Spark Streaming + Kafka 代码样例(Scala语言)
一些很常用的工具类搬运
Sample1 (Array[byte])
主要演示了从kafka中获取byte数组的方法
package spark.test
import data.processing.avro.AvroDecoder
import kafka.serializer.StringDecoder
import kafka.serializer.DefaultDecoder
import org.apache.spark._
import org.apache.spark.streaming._
import org.apache.spark.streaming.kafka.KafkaUtils
object StreamingApp {
def main(args: Array[String]): Unit = {
val conf = new SparkConf().setAppName("Simple Streaming Application")
val ssc = new StreamingContext(conf, Seconds(1))
val topicsSet = "test".split(",").toSet
val kafkaParams = Map[String, String]("metadata.broker.list" -> "localhost:9092")

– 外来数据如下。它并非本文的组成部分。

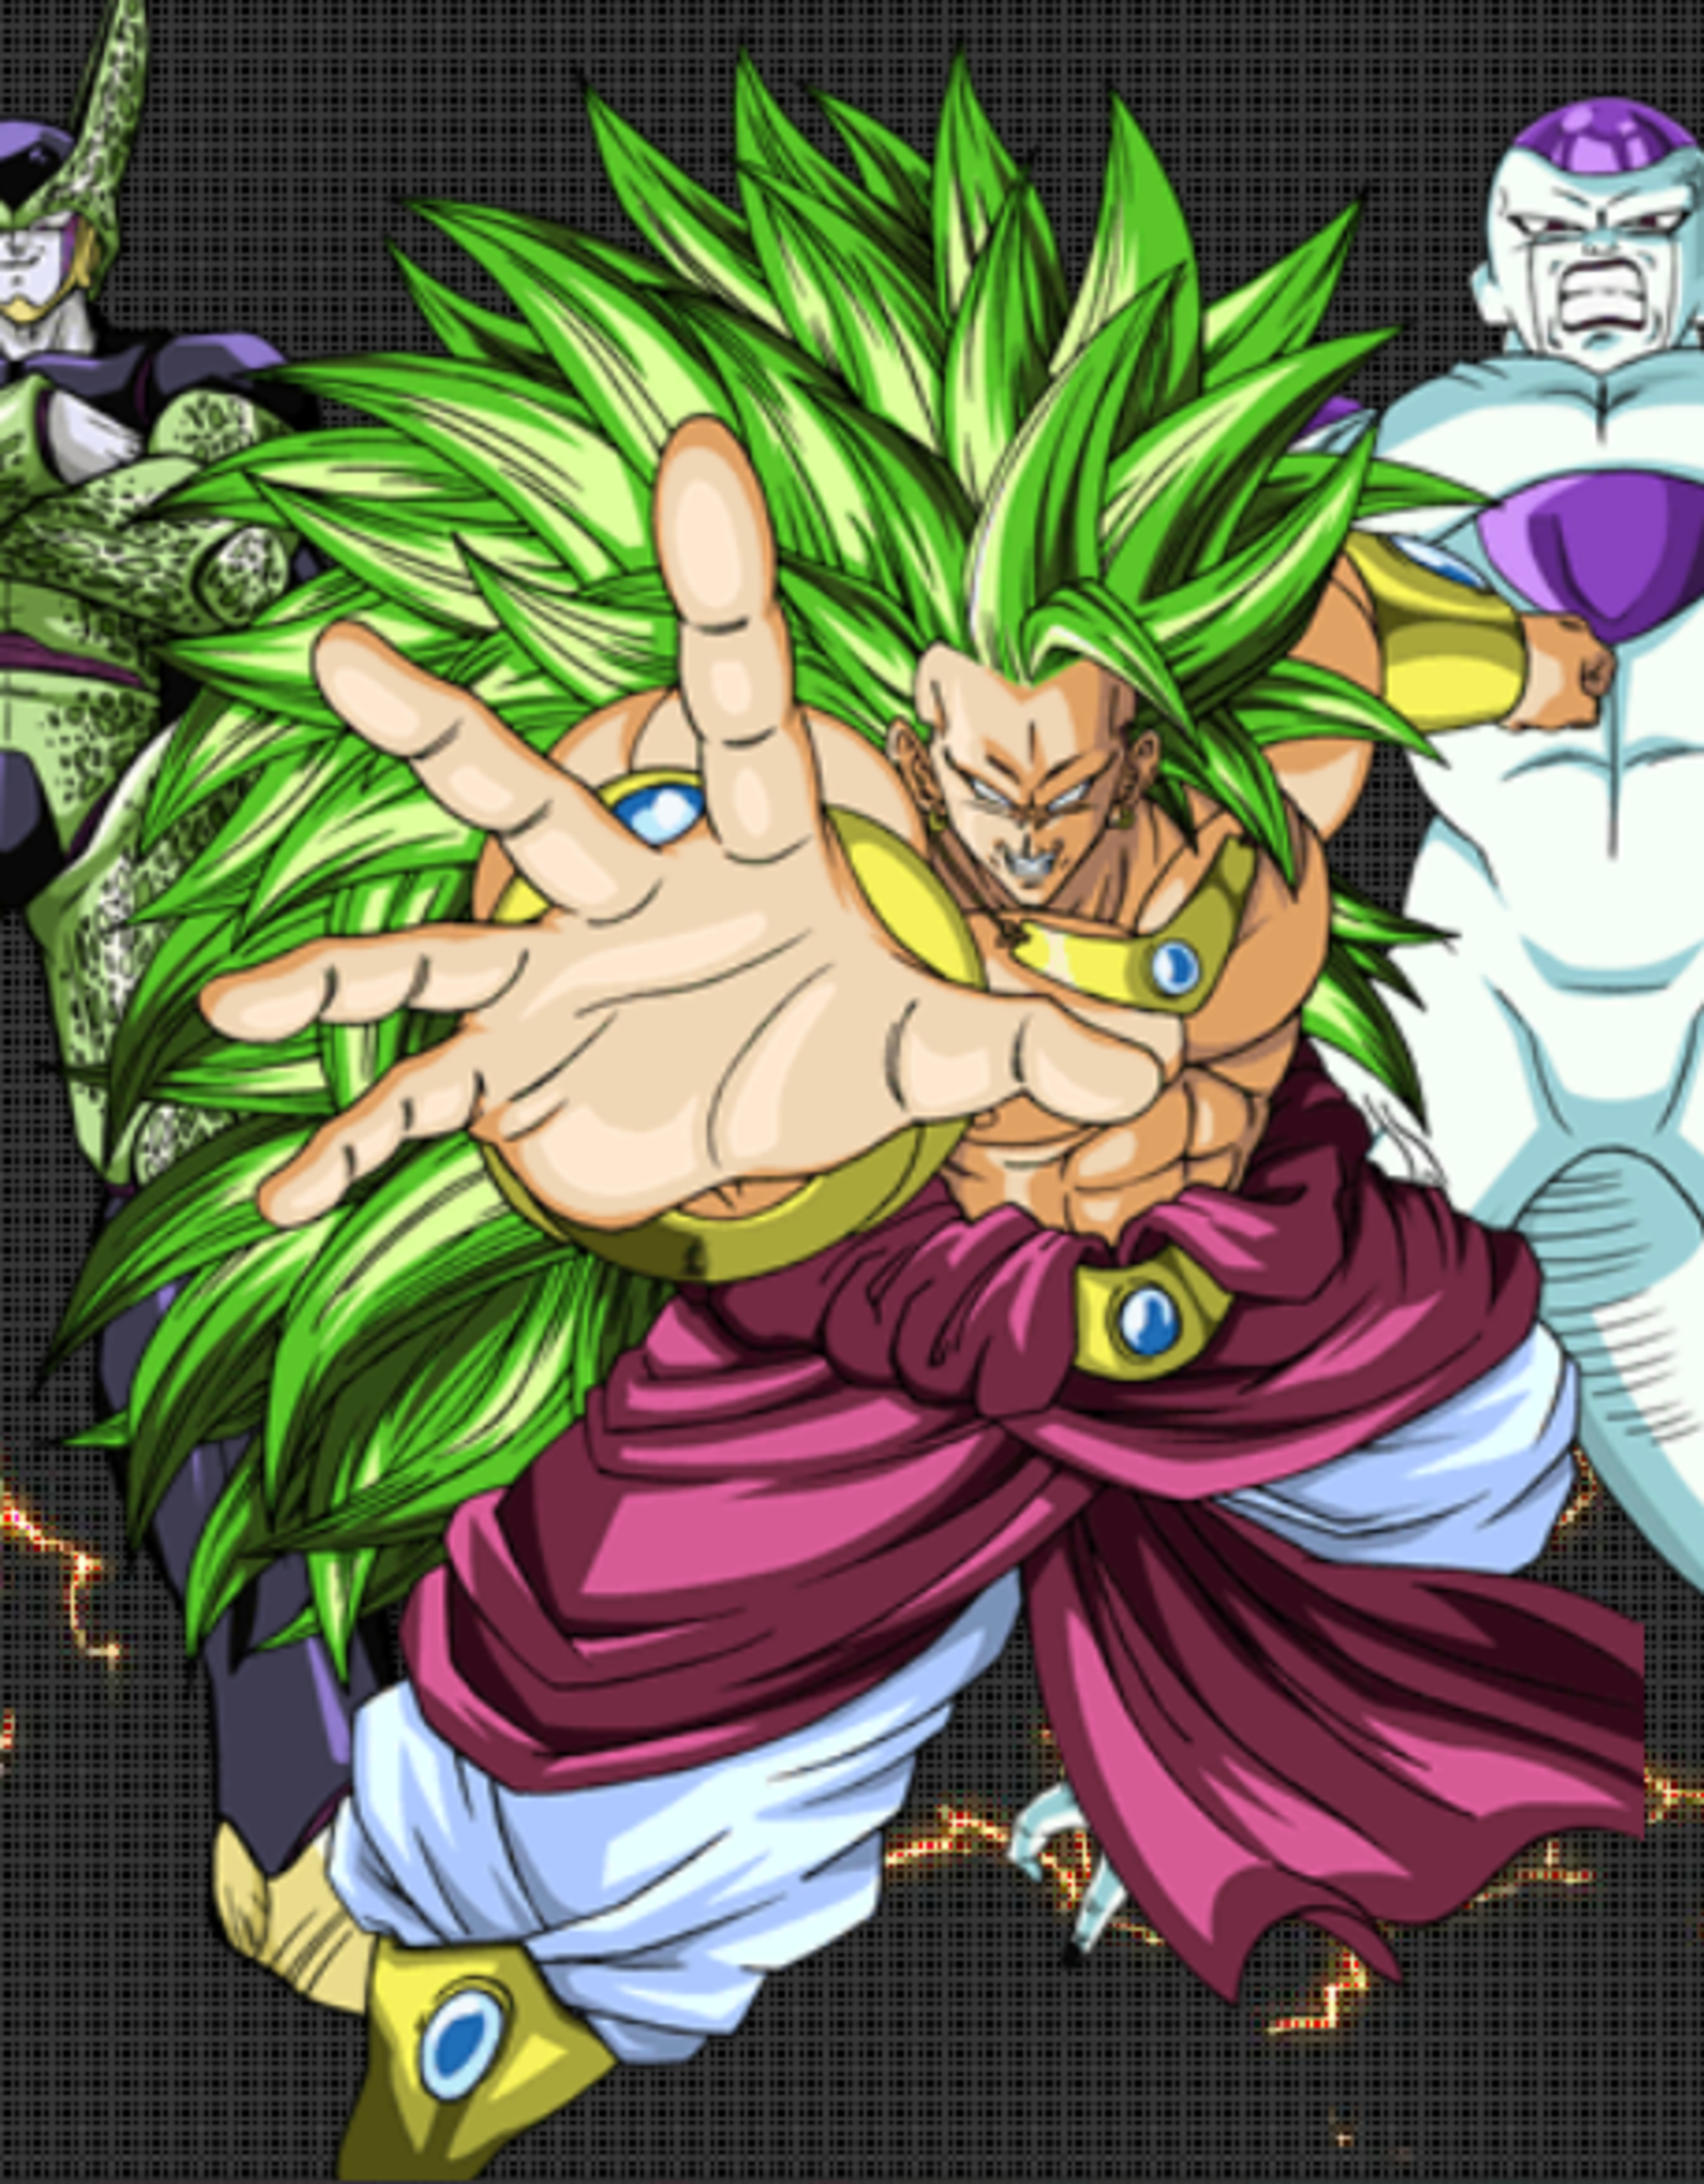 It's confirmed! New Dragon Ball Super movie will bring back Broly, the  legendary Super Saiyan

val directKafkaStream = KafkaUtils.createDirectStream[String, Array[Byte], StringDecoder, DefaultDecoder](
ssc, kafkaParams, topicsSet
)
directKafkaStream.foreachRDD(rdd =>
rdd.foreachPartition(partitionOfRecords => {
val avroDecoder = new AvroDecoder("/event-record.json")
partitionOfRecords.map(m => (m._1, avroDecoder.decode(m._2))).foreach(m => println(m))
}))
ssc.start()
ssc.awaitTermination()
}
}
Sample2 (Sample1的扩展)
package tools
import kafka.serializer.DefaultDecoder
import org.apache.spark.streaming.StreamingContext
import org.apache.spark.streaming.dstream.DStream
import org.apache.spark.streaming.kafka.KafkaUtils
case class KafkaPayload(value: Array[Byte])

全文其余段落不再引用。